13. De kantonrechter zal op vordering van Ziengs cs het vonnis uitvoerbaar bij voorraad verklaren. Ziengs cs wordt geacht voldoende belang te hebben bij spoedige uitbetaling van de gevorderde bedragen, terwijl het door Cool Cat veronderstelde restitutierisico slechts in algemene bewoordingen is gesteld en onvoldoende is geconcretiseerd. Andere bezwaren zijn gesteld noch gebleken, terwijl de enkele aanzegging om bij een toewijzend vonnis in appel te gaan ontoereikend is om de gevorderde uitvoerbaarverklaring bij voorraad af te wijzen.
14. Cool Cat zal als de (grotendeels) in het ongelijk te stellen partij worden veroordeeld in de proceskosten.

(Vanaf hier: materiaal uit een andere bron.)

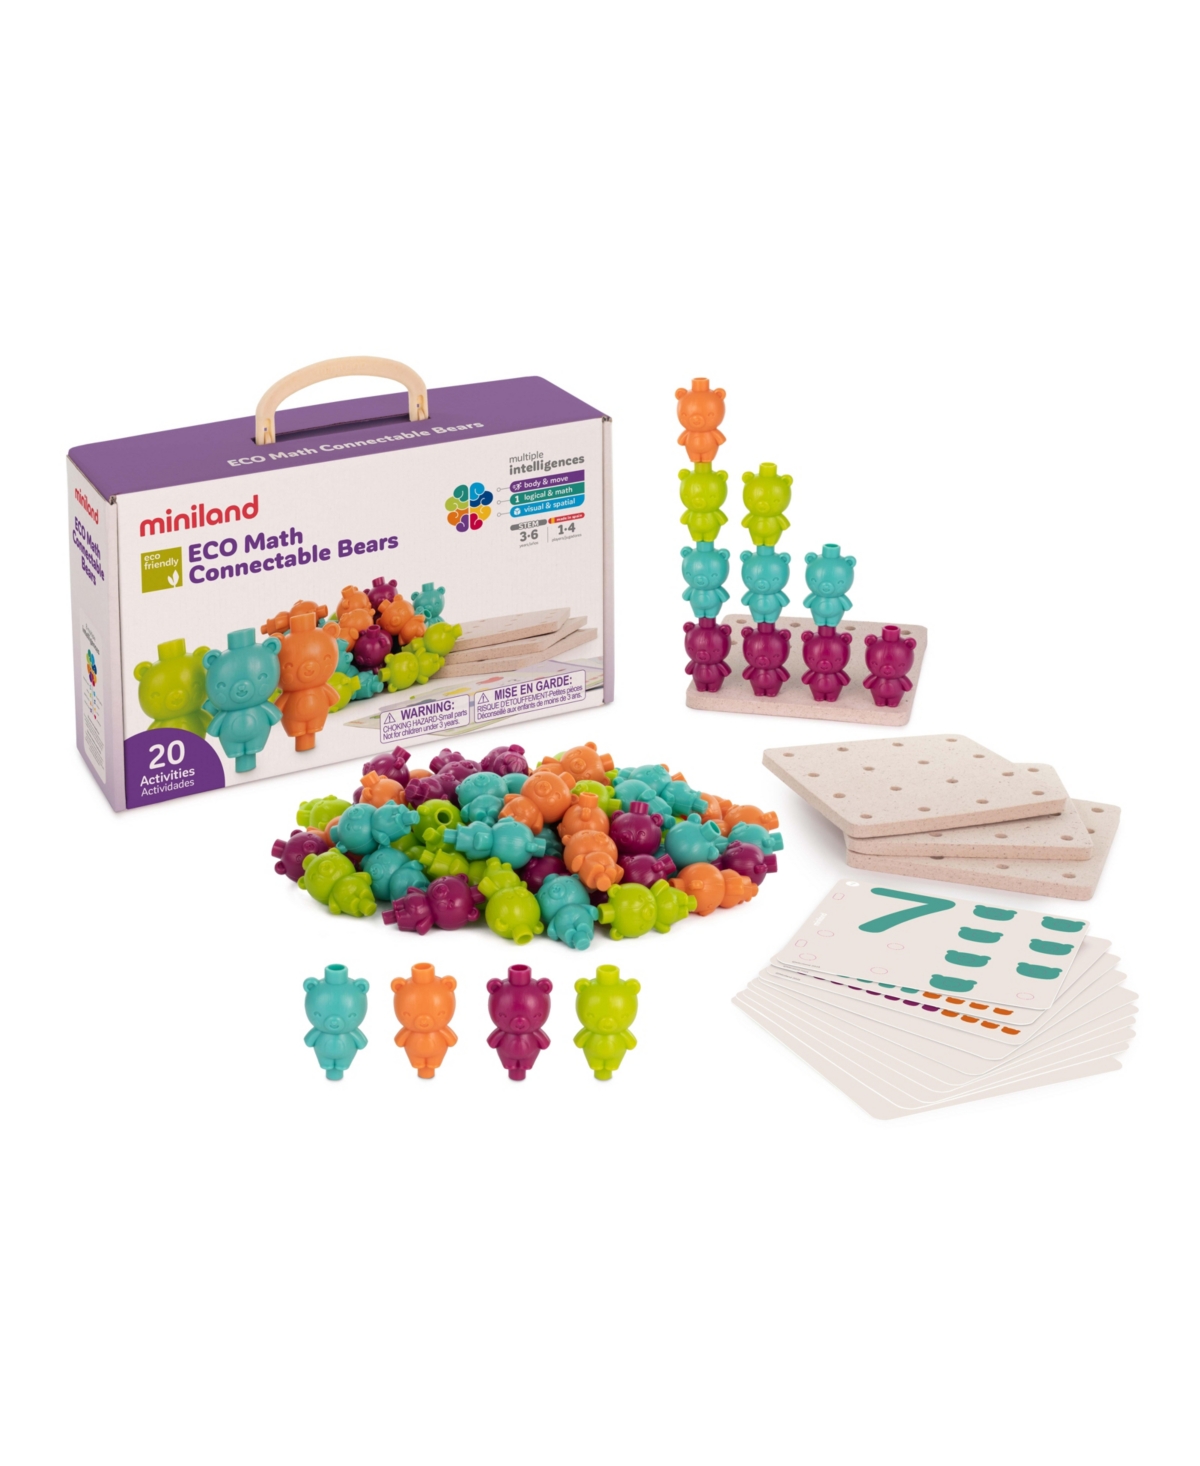 Miniland Kids' Eco Math Connectable Bears In Multicolor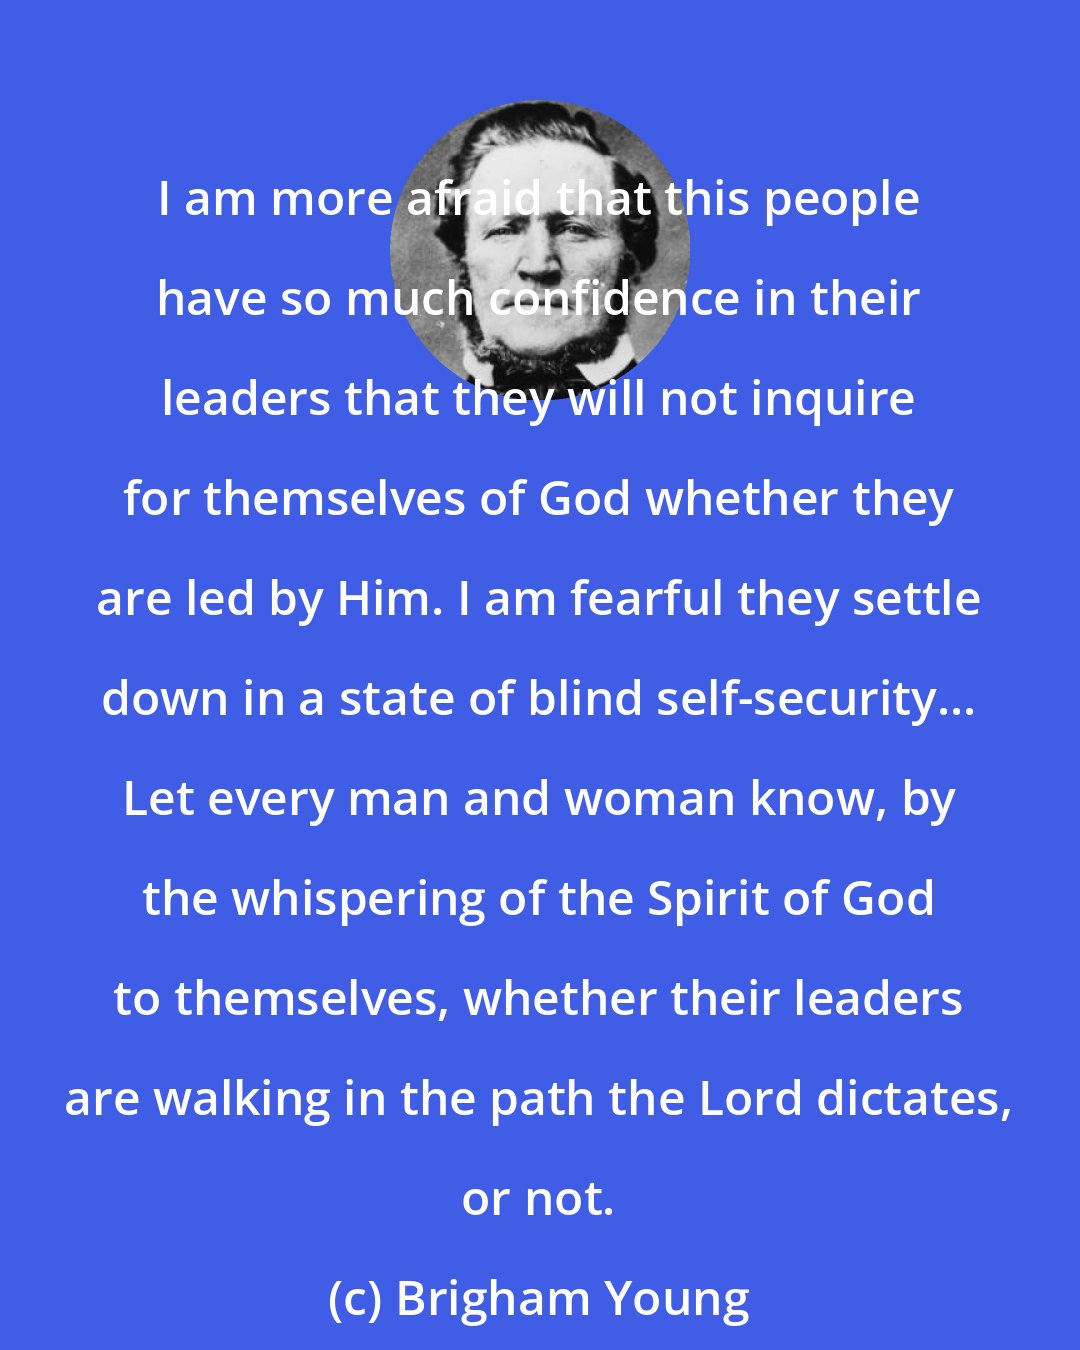 Brigham Young: I am more afraid that this people have so much confidence in their leaders that they will not inquire for themselves of God whether they are led by Him. I am fearful they settle down in a state of blind self-security... Let every man and woman know, by the whispering of the Spirit of God to themselves, whether their leaders are walking in the path the Lord dictates, or not.

De proceskosten aan de zijde van Ziengs cs worden begroot op:
- explootkosten € 85,80
- griffierecht € 923,00
- salaris gemachtigde
€ 1.800,00(3 punten x tarief € 600,00)
totaal € 2.808,80

Beslissing

De kantonrechter:
veroordeelt Cool Cat tot betaling aan Ziwi B.V. van een bedrag groot € 11.989,82 (zegge: elfduizendnegenhonderdnegentig euro en 82 cent), te vermeerderen met de wettelijke rente over € 11.989,82 vanaf 15 april 2013 tot aan de dag der algehele voldoening;
veroordeelt Cool Cat tot betaling aan Ziengs Schoenen B.V. van een bedrag groot
€ 54.289,09 (zegge: vierenvijtigduizendtweehonderdnegenentachtig euro en 9 cent), te vermeerderen met de wettelijke rente over € 54.289,09 vanaf 15 april 2013 tot aan de dag der algehele voldoening;
veroordeelt Cool Cat in de kosten van deze procedure, tot op heden aan de zijde van Ziengs cs begroot op € 2.808,80;
verklaart dit vonnis uitvoerbaar bij voorraad;
wijst af het meer of anders gevorderde
Aldus gewezen door mr. E.J. Oostdijk, kantonrechter, en uitgesproken ter openbare terechtzitting van 24 maart 2015 in tegenwoordigheid van de griffier.